Patients and methods: We investigated 51 adult volunteers 28 pancreatic insufficient CF patients [13 with CF-related diabetes (CFRD) and
15 non-diabetic] and 23 male non-CF patients 112 with type 1 diabetes mellitus (T1DM) and selleck inhibitor 11 healthy control subjects! Patients with known liver cirrhosis or portal hypertension were excluded. The size of the spleen was measured in all subjects by an investigator unaware of patients’ clinical status For comparison of spleen size in the four study groups only male CF patients were included For CF patients, spleen size was compared with forced expiratory volume in 1 s (FEV(1)), body mass index (WAD, total number of days of intravenous (IV) antibiotic treatment for pulmonary exacerbations in year previous to study, levels of circulating white blood cells, glycosylated haemoglobin A1c (HbA1c), and exocrine function of H 89 solubility dmso the pancreas, as assessed by
daily requirement of oral
Results: Amongst the four study groups, spleen size was greatest in the male non-diabetic CF patients (P = 0 01) For CF patients, spleen size was greater in male compared to female patients (P = 0 012) For patients with CFRD, there was an inverse correlation between the spleen size and HbA1c (r = -0 59, P = 0 04) and the daily intake of supplementary lipase (r = -0.63, P = 0 02) The size of the spleen in patients with CFRD, but not in CF patients without CFRD, inversely correlated with the days of IV antibiotic treatment received in the year previous to the study (r = -0 67, P = 0 012).
There was no correlation between spleen size and BMI, FEV1 and white blood cell counts in any group
Conclusions: On MRI, the spleen size was greatest in male non-diabetic CF patients in comparison with other groups.
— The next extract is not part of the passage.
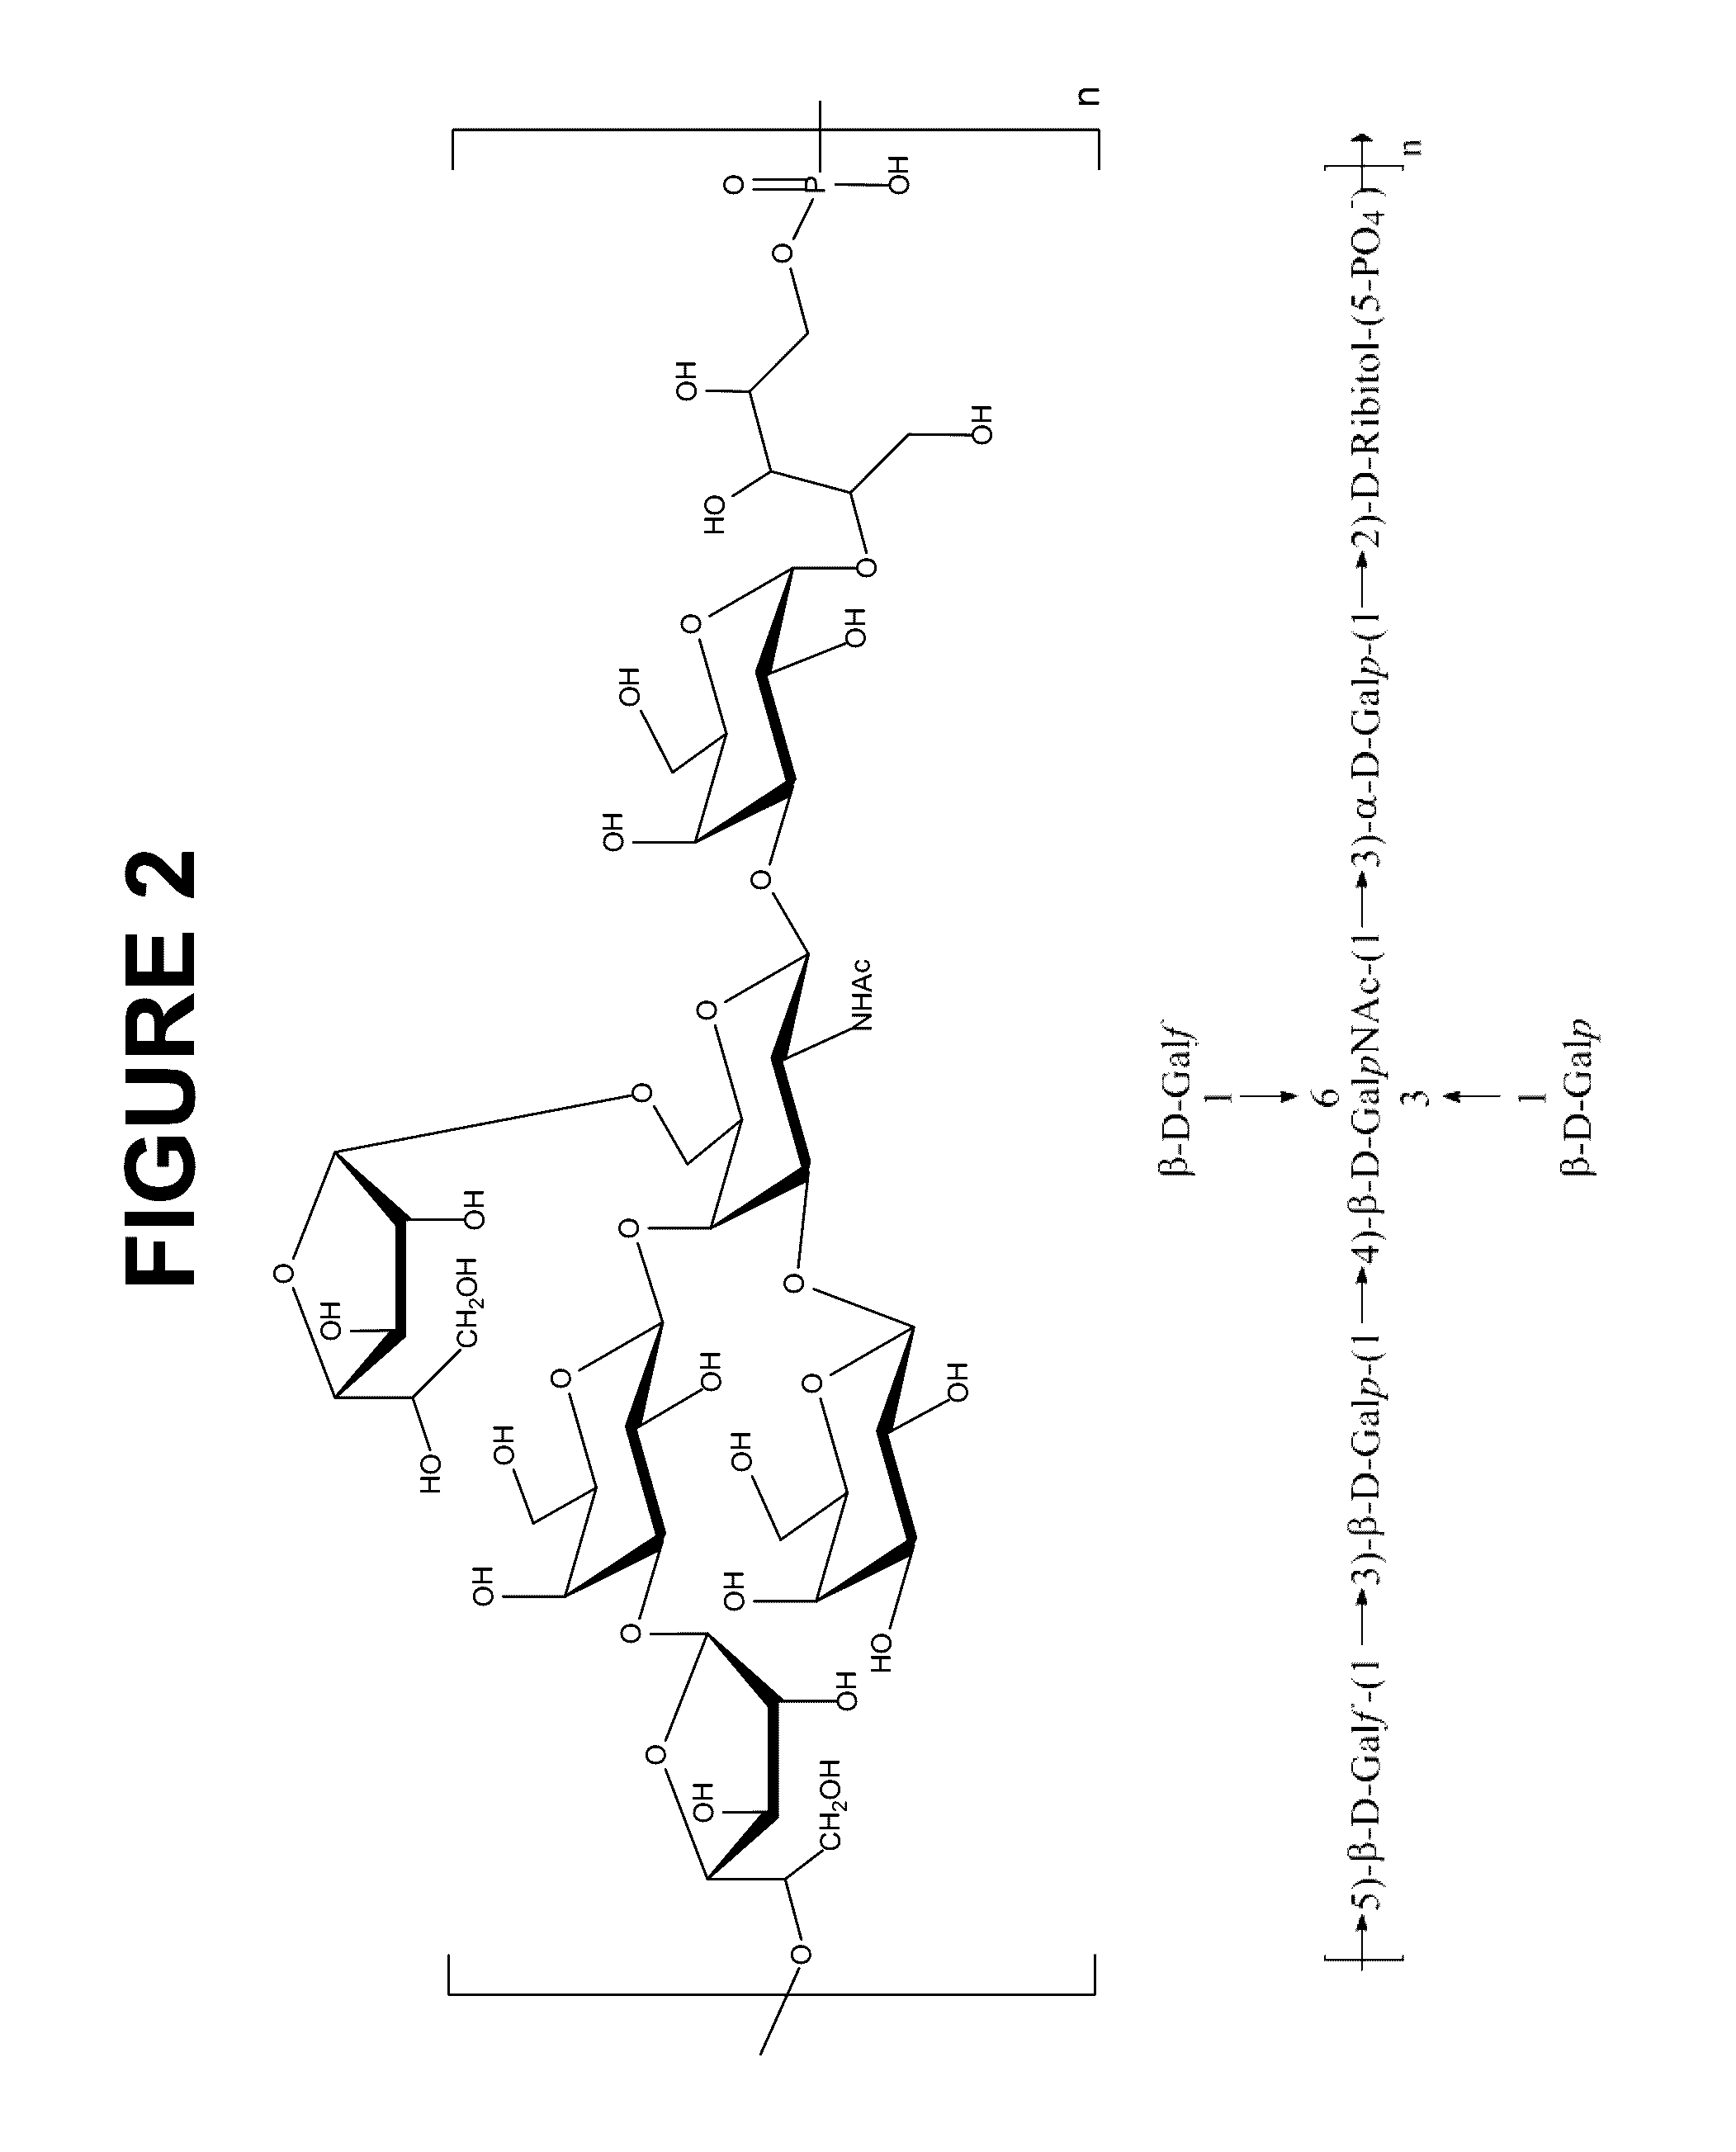 Immunogenic compositions comprising conjugated capsular saccharide antigens and uses thereof

The size of the spleen in CFRD patients was smaller when BRSK2 diabetes was poorly controlled, when exocrine pancreatic function was greatly impaired and in those with greater need for IV antibiotics in the year prior to the study”
“Objectives: Recent evidence indicated that the use of a bioprosthesis in young patients at first-time aortic valve replacement (AVR) is associated with an increased reoperation risk, but not with an increase in long-term mortality, when compared with the use of a mechanical valve. However, at reoperative AVR, follow-up data by prosthesis type have been lacking from the literature. Therefore, we examined long-term survival and valve-related complications according to the type of prosthesis used at reoperative AVR.
Methods: We studied 437 patients who underwent reoperative AVR, at a mean age of 58.6 +/- 14.2 years, for failure of a previously implanted aortic valve prosthesis. Thirty-day mortality at reoperative AVR was 6% (n = 27). A bioprosthesis was used in 135 (31%) patients. Patients were subsequently followed up for a mean of 7.6 +/- 6.8 years after reoperative AVR.